Q&A: Applying the 2-midnight rule to procedures removed from the IPO list
Q: Are procedures removed from the inpatient-only (IPO) list in 2021 subject to the 2-midnight rule?
A: CMS finalized removing 266 services related to musculoskeletal procedures from the IPO list in 2021, noting these are some of the services most frequently cited for removal by stakeholders. It will also remove an additional 32 procedures identified in comments.
The removal of procedures from and the ultimate elimination of the IPO list will lead to all services being subject to the 2-midnight rule, which is used to determine whether Part A coverage and inpatient reimbursement is appropriate. Therefore, it is vitally important that hospitals understand the correct application of the 2-midnight rule based on the need for hospital services and that it is not based on proprietary tools that define intensity of services or severity of illness.
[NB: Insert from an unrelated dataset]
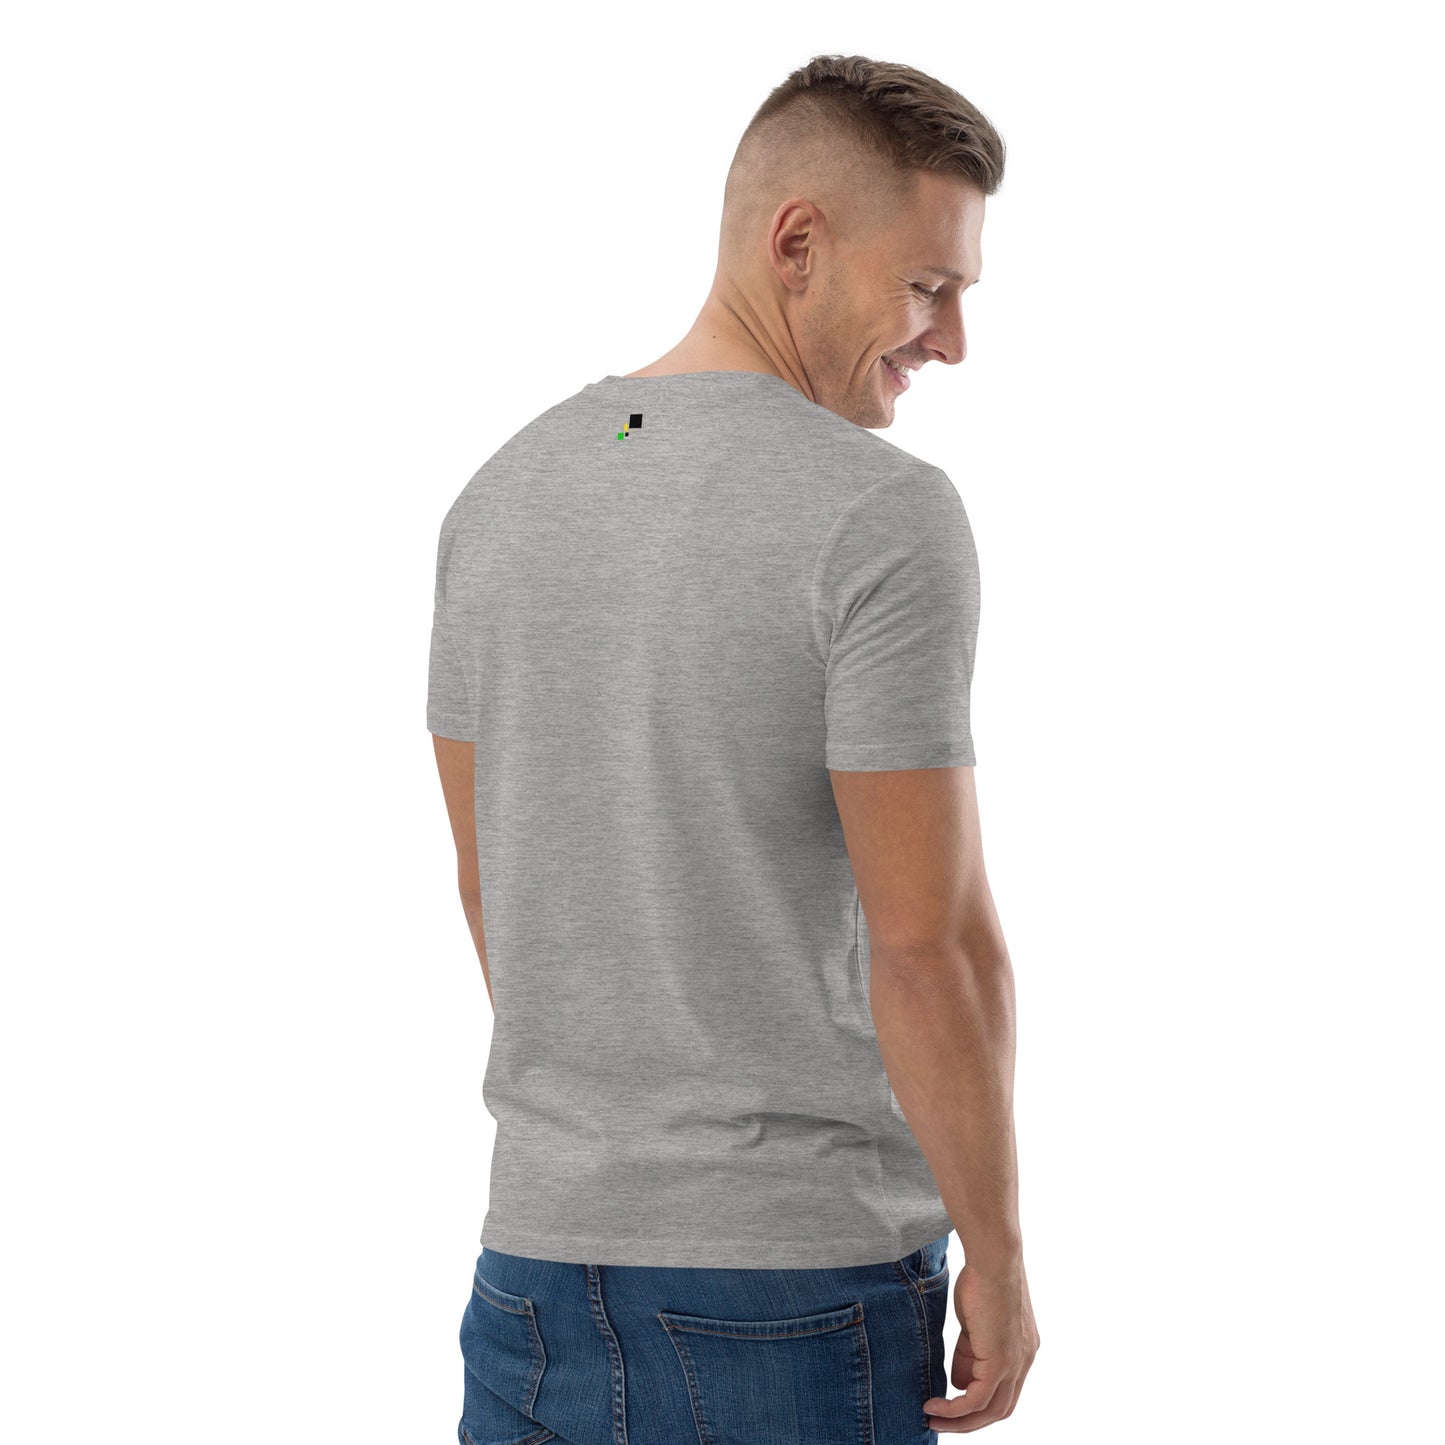 Sell It All low profile - Camiseta de algodón orgánico unisex

CMS finalized a policy to exempt procedures that are removed from the IPO list beginning on January 1, 2021, from site-of-service claim denials, Beneficiary and Family-Centered Care Quality Improvement Organization (BFCC-QIO) referrals to Recovery Audit Contractors (RAC) for persistent noncompliance with the 2-midnight rule, and RAC reviews for “patient status” (that is, site-of-service) until such procedures are more commonly billed in the outpatient setting (i.e., 50% or more are performed outpatient).
BFCC-QIOs will continue to review short-stay inpatient claims for procedures removed from the IPO list for medical necessity and to educate providers, but claims would not be denied on patient status alone.